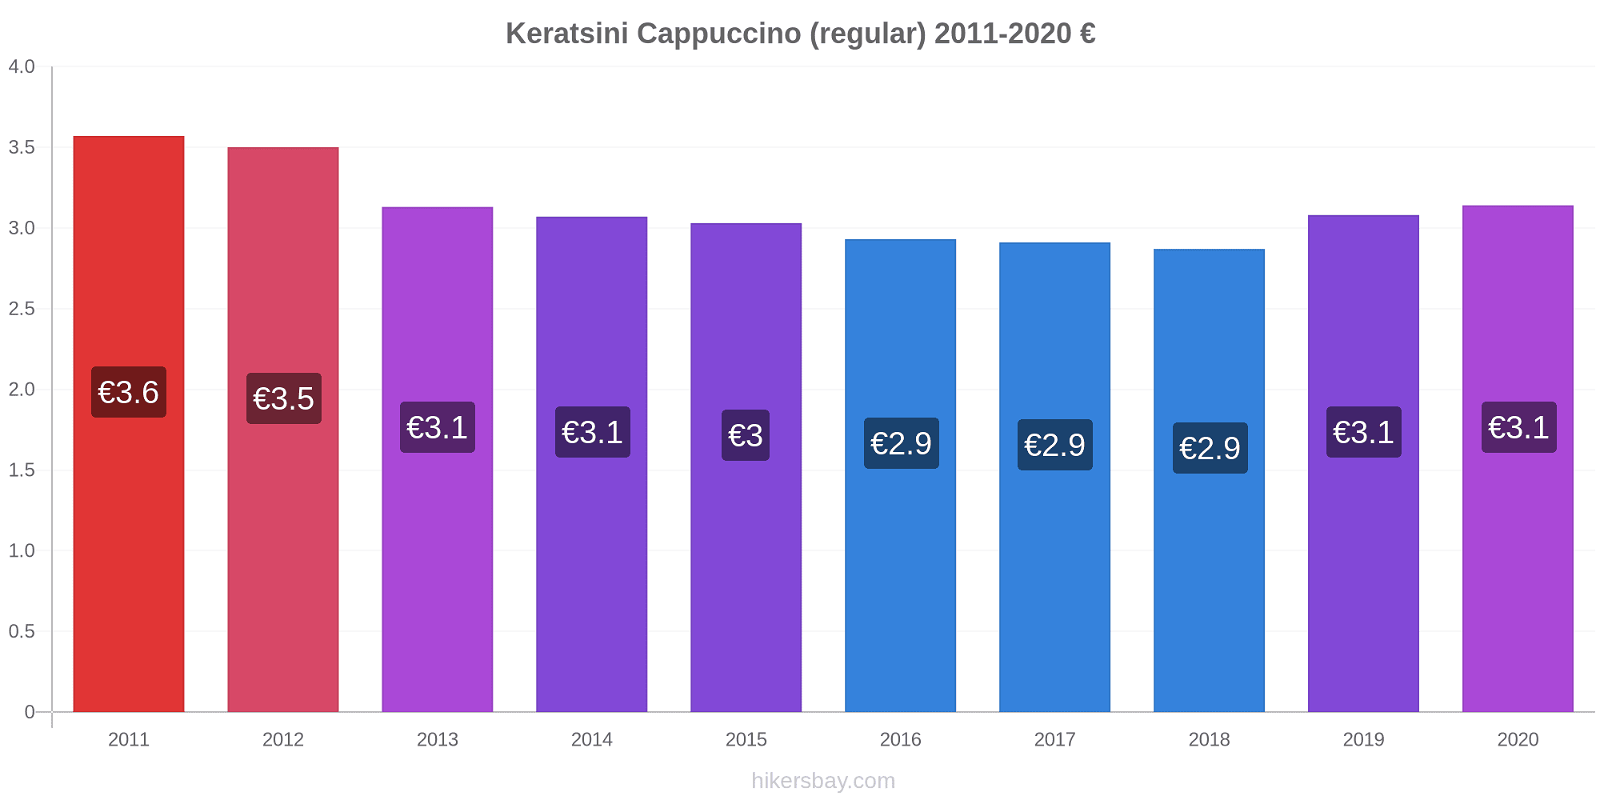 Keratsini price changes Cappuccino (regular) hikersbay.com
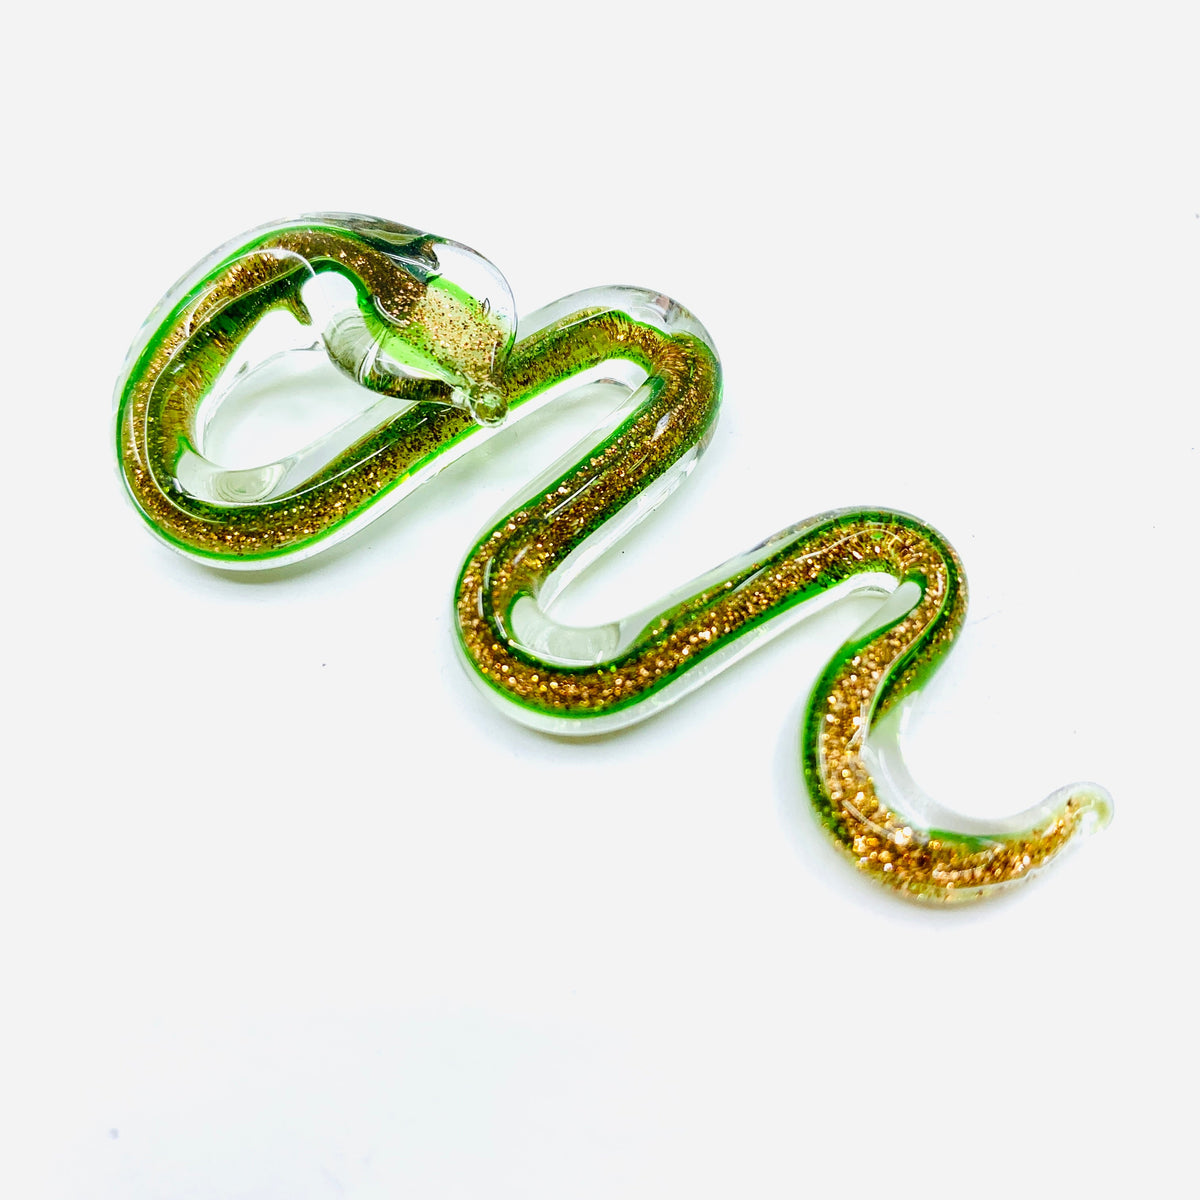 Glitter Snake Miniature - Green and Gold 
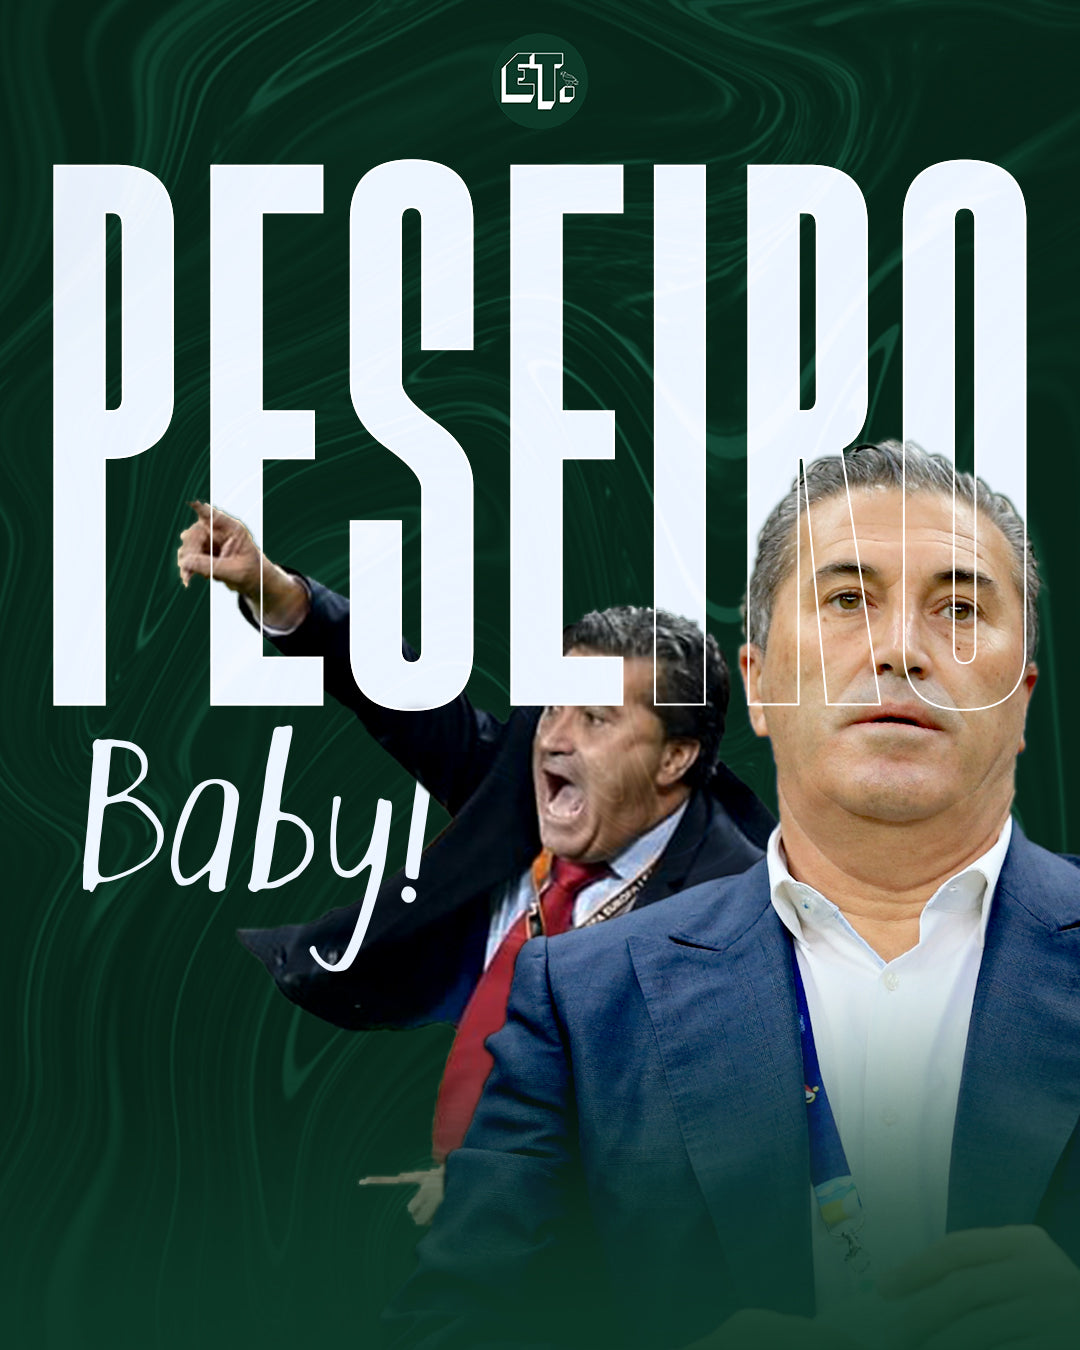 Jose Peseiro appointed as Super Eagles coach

...

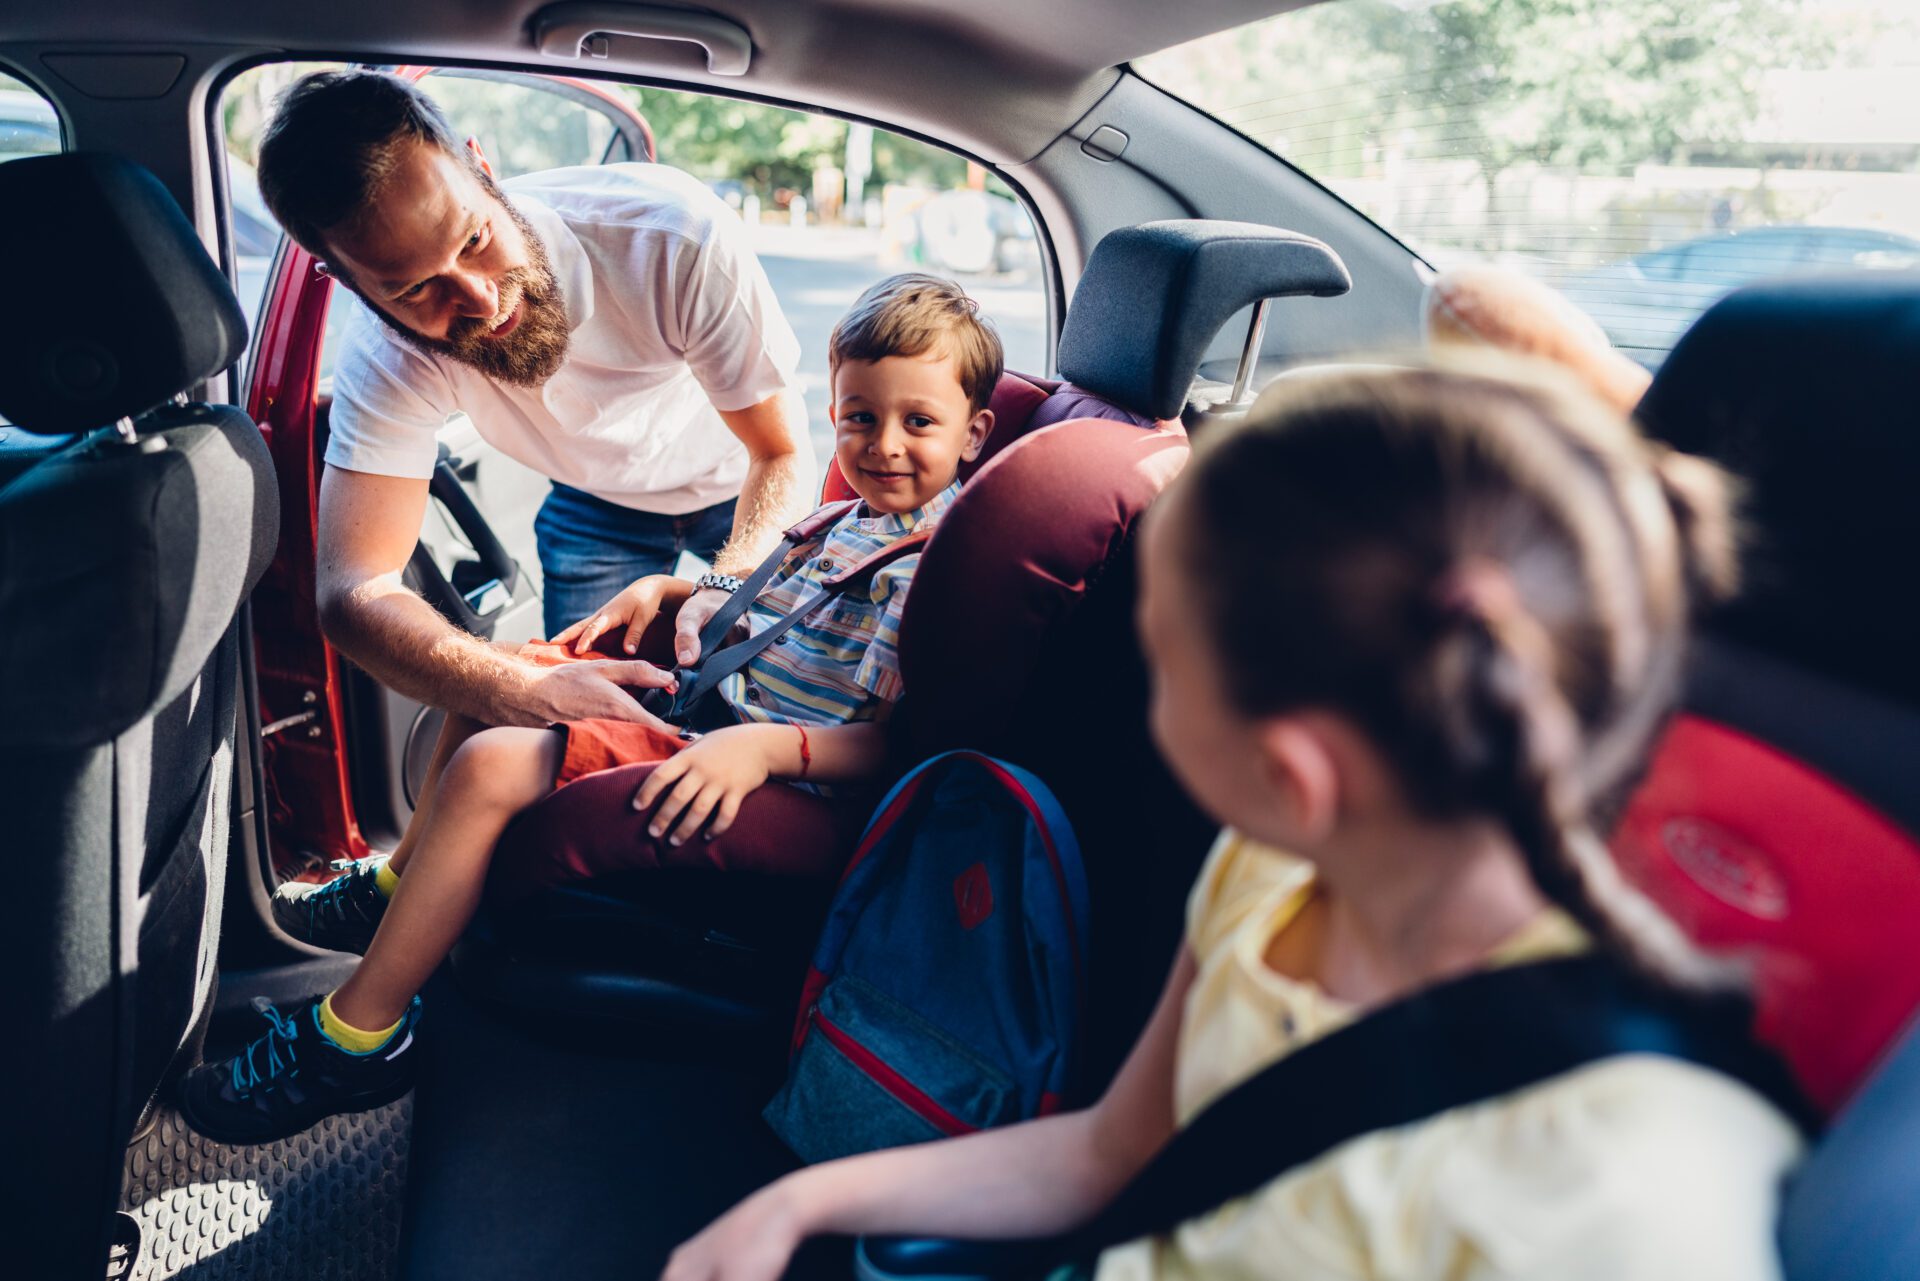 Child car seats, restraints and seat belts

---

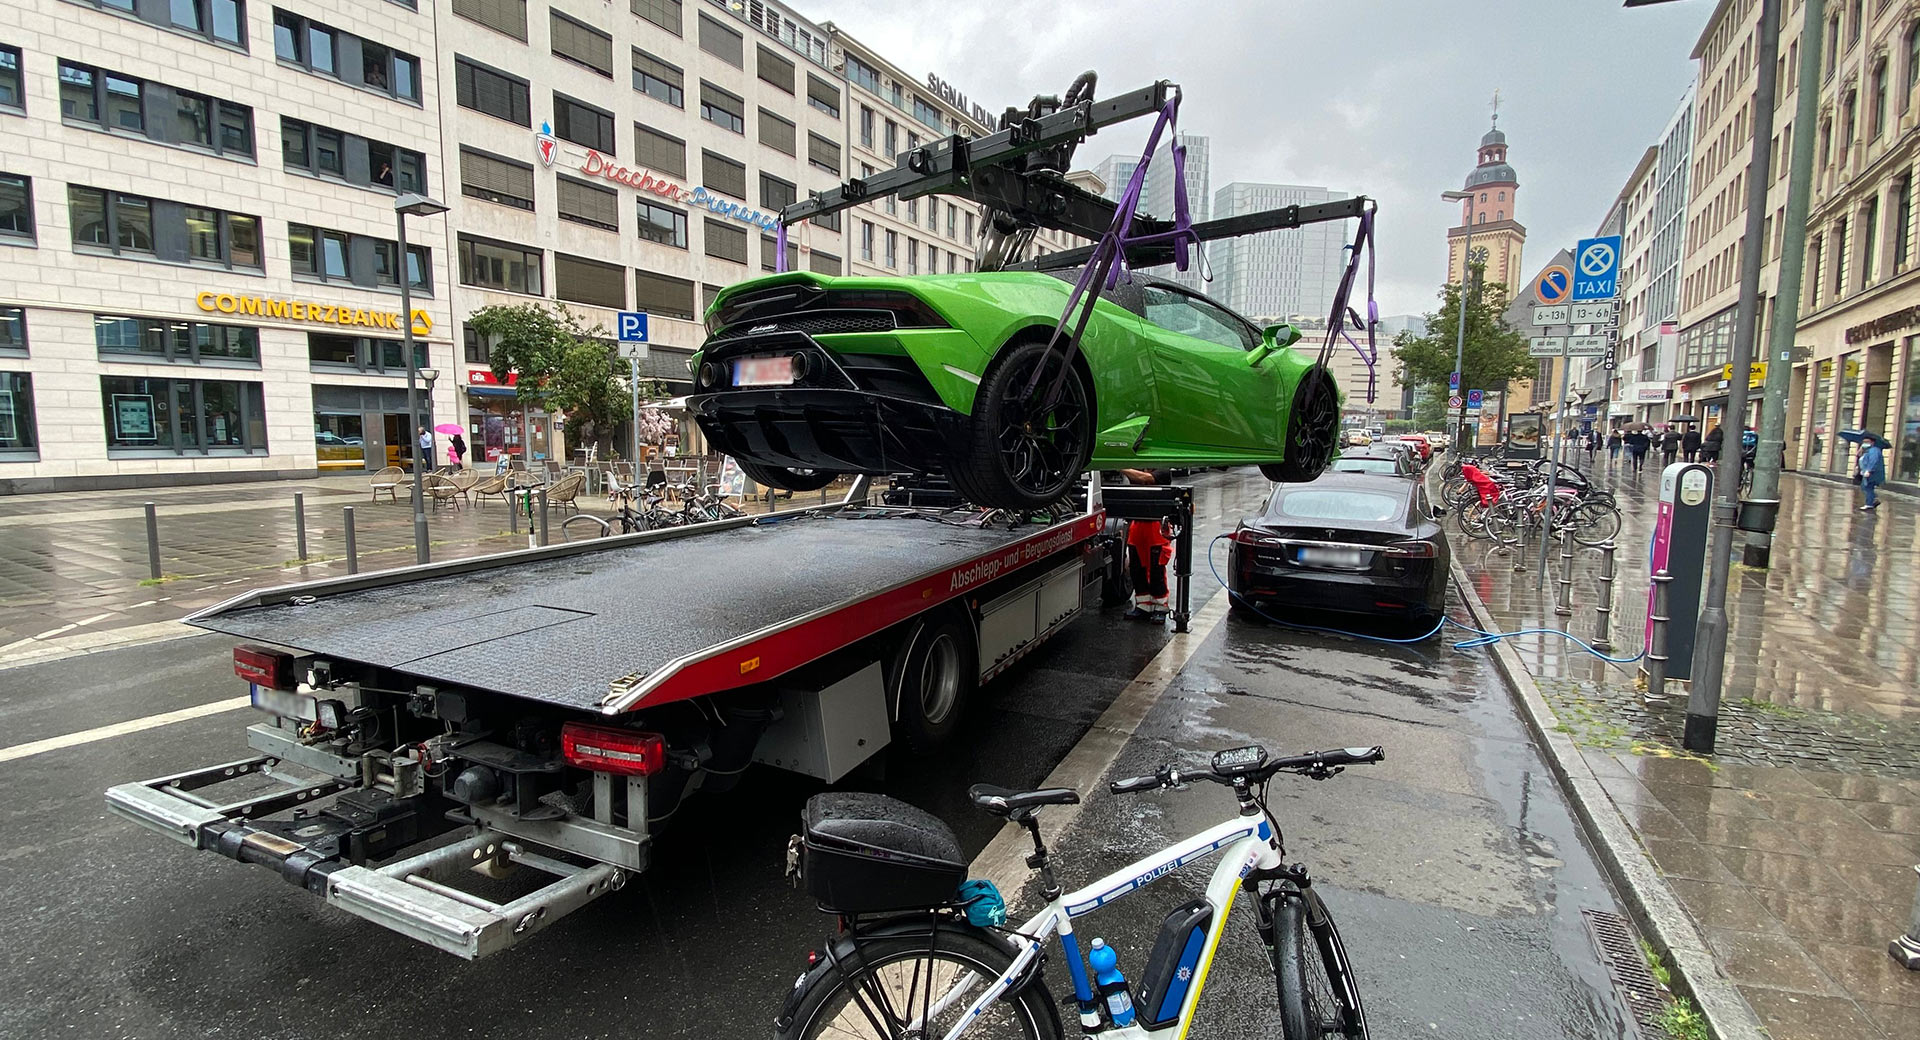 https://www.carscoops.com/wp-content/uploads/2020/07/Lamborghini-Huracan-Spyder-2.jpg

Activity:
Nothing but the lines above from the line with "Keratsini price changes" up to and including the line with "Jose Peseiro appointed as Super Eagles coach" should be returned, exactly as written and without pictures.

Answer to the exercise:
 Keratsini price changes Cappuccino (regular) hikersbay.com
 Glitter Snake Miniature - Green and Gold 
 Jose Peseiro appointed as Super Eagles coach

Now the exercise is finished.